Add documentation for MGI upstreams pipeline #326

Closed kltm closed 2 months ago

kltm commented 1 year ago

We want to document the process of taking files from the upstream and producing what MGI will have previously generated. This is currently documented in great detail here: https://drive.google.com/drive/folders/17O5e3gj_fkbSv2vscEYNIzpCNLIq3fG2 (which is active notes and technical docs for this project).

However, for the long term, we'd like to encode this information in GORULEs and the like.

An initial step could be documenting this under a new GORULE that is taken care of by the new software (and can be added to the current outputs). This can be made more granular as time goes on.

Tagging @sierra-moxon @ukemi @pgaudet

kltm commented 1 year ago

@sierra-moxon We can talk about this elsewhere, but there is no need for GORULEs to be part of ontobio, we would just need documentation at https://github.com/geneontology/go-site/tree/master/metadata/rules Additionally, we could add stanzas to the goa.yaml metadata to indicate where data is coming from. @pgaudet There can also be more user/external-facing documentation.

kltm commented 1 year ago

For the GO_REF angle, there is also geneontology/go-site#2019

kltm commented 4 months ago

@pgaudet I think everything we need fir the software side is now part of the GORULEs framework. Is there anything you'd like to have documented before we close this out?

pgaudet commented 4 months ago

Hi @kltm Yes, @LiNiMGI and I would like to look at this. Specifically:

Thanks, Pascale

sierra-moxon commented 3 months ago

I tried to capture the "preprocess steps" in this diagram -- feel free to use or edit or throw away (it did not take me a long time). The "green" is the go preprocess pipeline actions. diagram to edit here. If this seems useful, we can extend it past the "GAF 2.2 output" in the pink circle to capture what the main GO Pipeline is doing to transform this file (with the PAINT and noctua annotations) to GPAD 2.0 at the end.

Image

pgaudet commented 3 months ago

Hi Sierra,

This looks great!

A couple of questions:

sierra-moxon commented 3 months ago

Second iteration (many more details) including arrows to indicate how "control" moves between the gopreprocess Makefile and the silver-issue-325-gopreprocess pipeline branch. Also included is the location of the necessary files that are used to generate the MGI GAF now, and the timing in the pipeline where it writes intermediate files back to skyhook.

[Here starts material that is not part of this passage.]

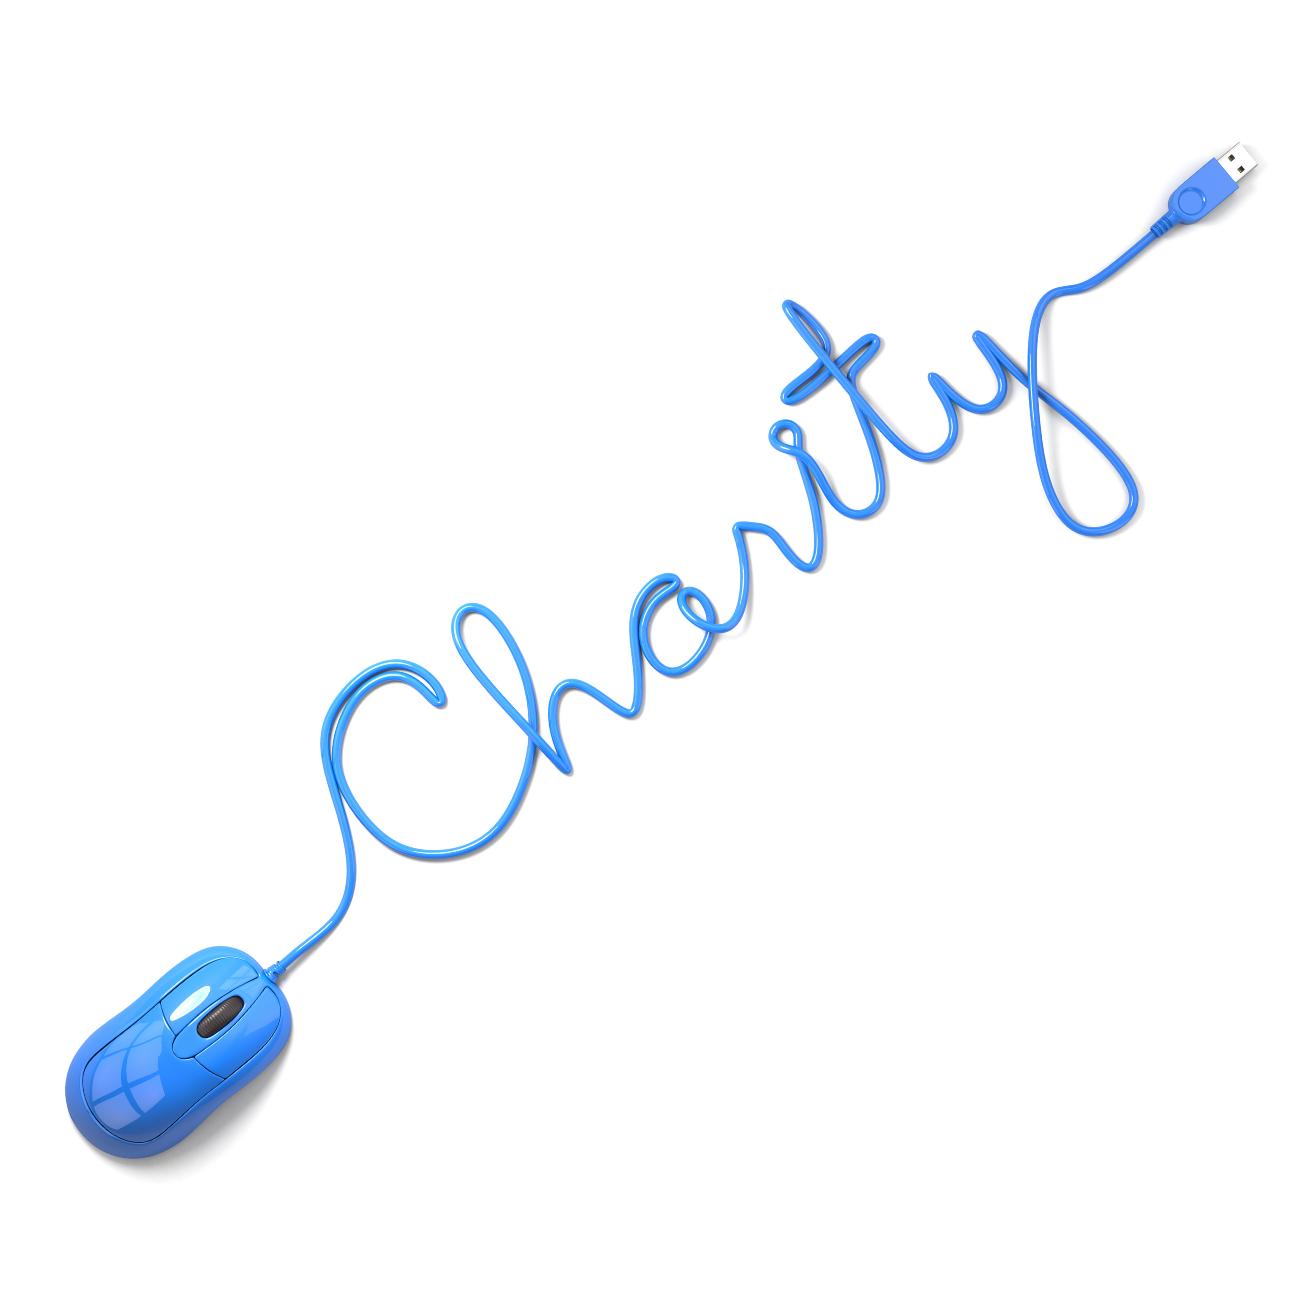 sq - charity

White = files downloaded Green = silver-issue-325-gopreprocess pipeline Pink = Makefile in gopreprocess code repo Orange = skyhook Blue = gopreprocess logic

to edit this diagram: https://app.diagrams.net/?mode=google#G1wSPfwmIL6e58LJwbHlFS21COLr2aC1u6#%7B%22pageId%22%3A%22b7a7eaba-c6c5-6fbe-34ae-1d3a4219ac39%22%7D

Image

sierra-moxon commented 3 months ago

@pgaudet - I have to go to HGNC in order to use the Alliance orthology file as Alliance uses HGNC ids.

pgaudet commented 3 months ago

OK, got it ! thanks :)

kltm commented 2 months ago

@pgaudet If anything more needs to be done here, please re-open.